Museu Nacional recebe de volta negativos em vidro após mais de um século

Museu Nacional

O Museu Nacional recebeu de volta um conjunto raro de negativos fotográficos em vidro que permaneceu preservado pela Fundação Biblioteca Nacional por mais de 100 anos. As peças retornam ao acervo da instituição no Rio de Janeiro e passam a integrar a coleção da Seção de Memória e Arquivo, conhecida como Semear.

Os registros foram utilizados pelo antropólogo Edgard Roquette-Pinto em uma conferência realizada na Biblioteca Nacional. As imagens também foram reproduzidas na publicação da fala do pesquisador, em 1913, nos anais da instituição, permanecendo sob guarda da Biblioteca como material de apoio ao longo de mais de um século.

Ao todo, o conjunto é formado por oito negativos de vidro e uma lanterna slide. As imagens retratam culturas indígenas, elementos da natureza e exemplares ligados à pesquisa científica. Esse tipo de chapa fotográfica era usado como uma espécie de matriz para a produção de fotografias positivas em papel.

Entre os itens que voltam ao acervo estão os negativos intitulados Desenhos simbólicos dos índios Bakairis, segundo Von den Steinen; Zoolito dos Sambaquis de Santa Catarina; Índios Mauhá – viagem filosófica, de Alexandre Rodrigues Ferreira; Cephalopterus ornatus; Maloca dos índios Curutús do Rio Negro; Tartaruga sp.; K. von den Steinen e seus companheiros da Expedição Alemã, de 1884; Iararaca dos Parecis; e Cabeça do último índio Cambeba (Deformação simétrica alongada).

Para o Museu Nacional, a restituição dos registros representa um marco simbólico no processo de recomposição de sua memória científica. As imagens são consideradas documentos históricos de grande valor, por preservarem aspectos da ciência, da cultura e das práticas institucionais que marcaram a trajetória da instituição.

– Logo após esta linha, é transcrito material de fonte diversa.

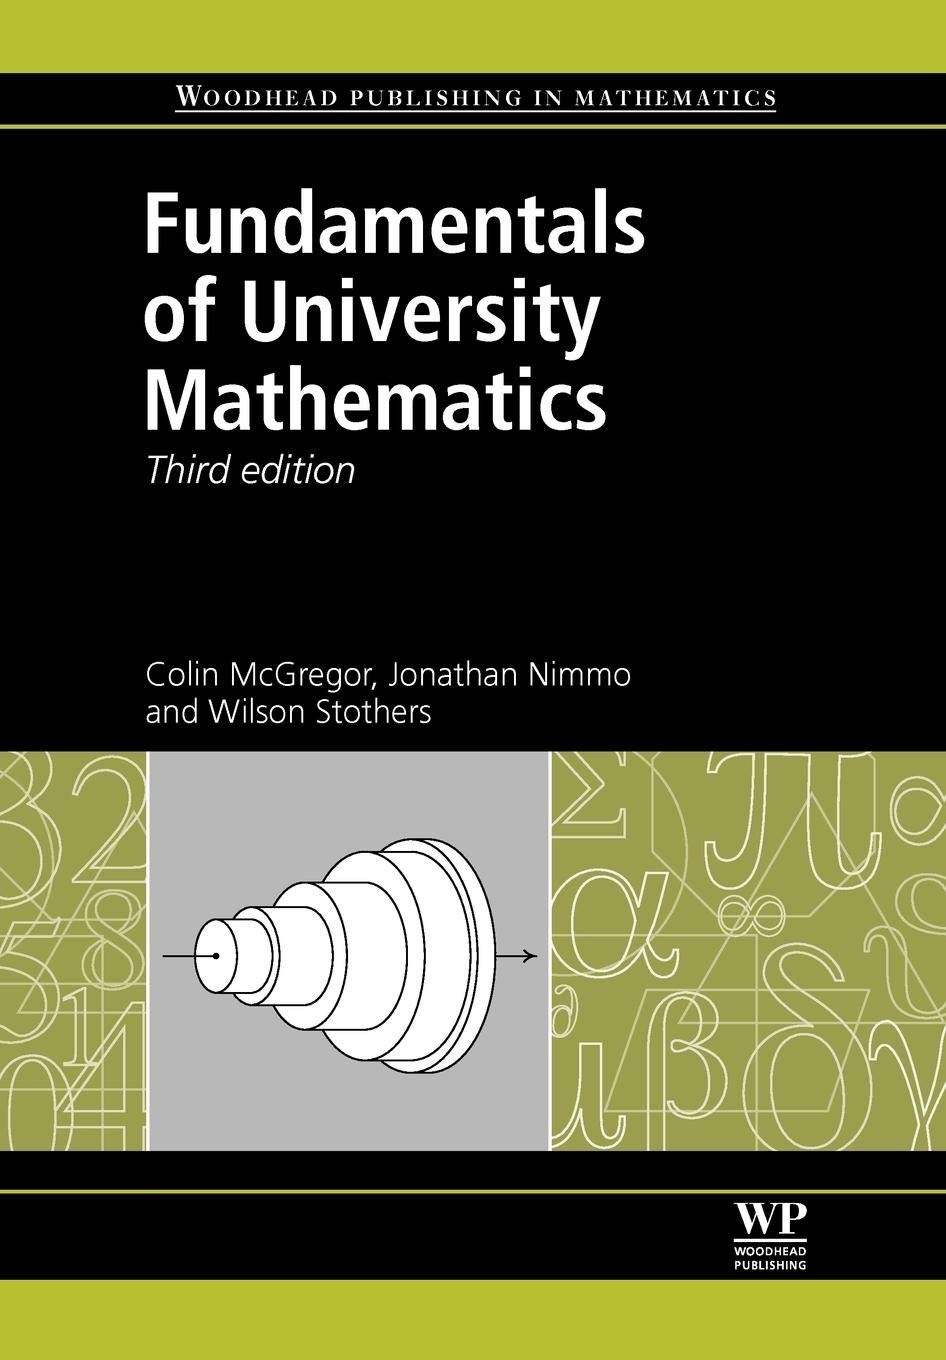 Fundamentals of University Mathematics

O retorno do material também ganha relevância no contexto da reconstrução do acervo após o incêndio de 2018, que destruiu parte expressiva das coleções do museu. A antiga coleção de negativos em vidro do Museu Nacional foi perdida no episódio, sendo hoje conhecida apenas por meio de registros documentais.

Segundo o diretor do Museu Nacional/UFRJ, Ronaldo Fernandes, a cooperação entre instituições tem papel essencial na preservação e recomposição do acervo. Ele destacou que o trabalho é conduzido com empenho tanto pelas equipes internas quanto por diferentes esferas coletivas.

“A incorporação dos negativos em vidro ao acervo do Museu Nacional simboliza a força dessa cooperação e o compromisso compartilhado com a preservação de um patrimônio de enorme relevância histórica, científica e cultural para o Brasil”, disse Ronaldo Fernandes.

A mediação para a devolução foi conduzida por Jorge Dias, chefe da Seção de Memória e Arquivo do Semear. Ele recebeu a informação de que havia, na Fundação Biblioteca Nacional, negativos fotográficos em vidro relacionados ao acervo histórico do museu.

A identificação e a análise das imagens foram realizadas pela equipe técnica do Semear, com participação do historiador Gustavo Alves Cardoso Moreira e da conservadora-restauradora Ana Luiza Castro do Amaral, chefe do Laboratório Central de Conservação e Restauro.

O grupo fez associações entre os negativos preservados pela Biblioteca Nacional, a coleção histórica de pranchas fotográficas e a antiga coleção de negativos em vidro do Museu Nacional. O trabalho permitiu reconhecer a importância do conjunto para a memória científica e institucional da universidade.

Para Jorge Dias, o retorno dos negativos representa um reencontro do museu com partes fundamentais de sua própria história.

“Cada negativo preservado nesses vidros carrega não apenas registros visuais, mas também memórias de pesquisa, de encontros interculturais e de práticas acadêmicas que ajudaram a construir a trajetória da ciência no Brasil”, afirmou o pesquisador.

Com a incorporação ao acervo, os negativos passam a contribuir para novas pesquisas e para o fortalecimento das ações de preservação da memória científica brasileira. Mais de um século depois, as imagens voltam ao lugar de origem como parte de um esforço contínuo para recuperar, proteger e valorizar a história do Museu Nacional.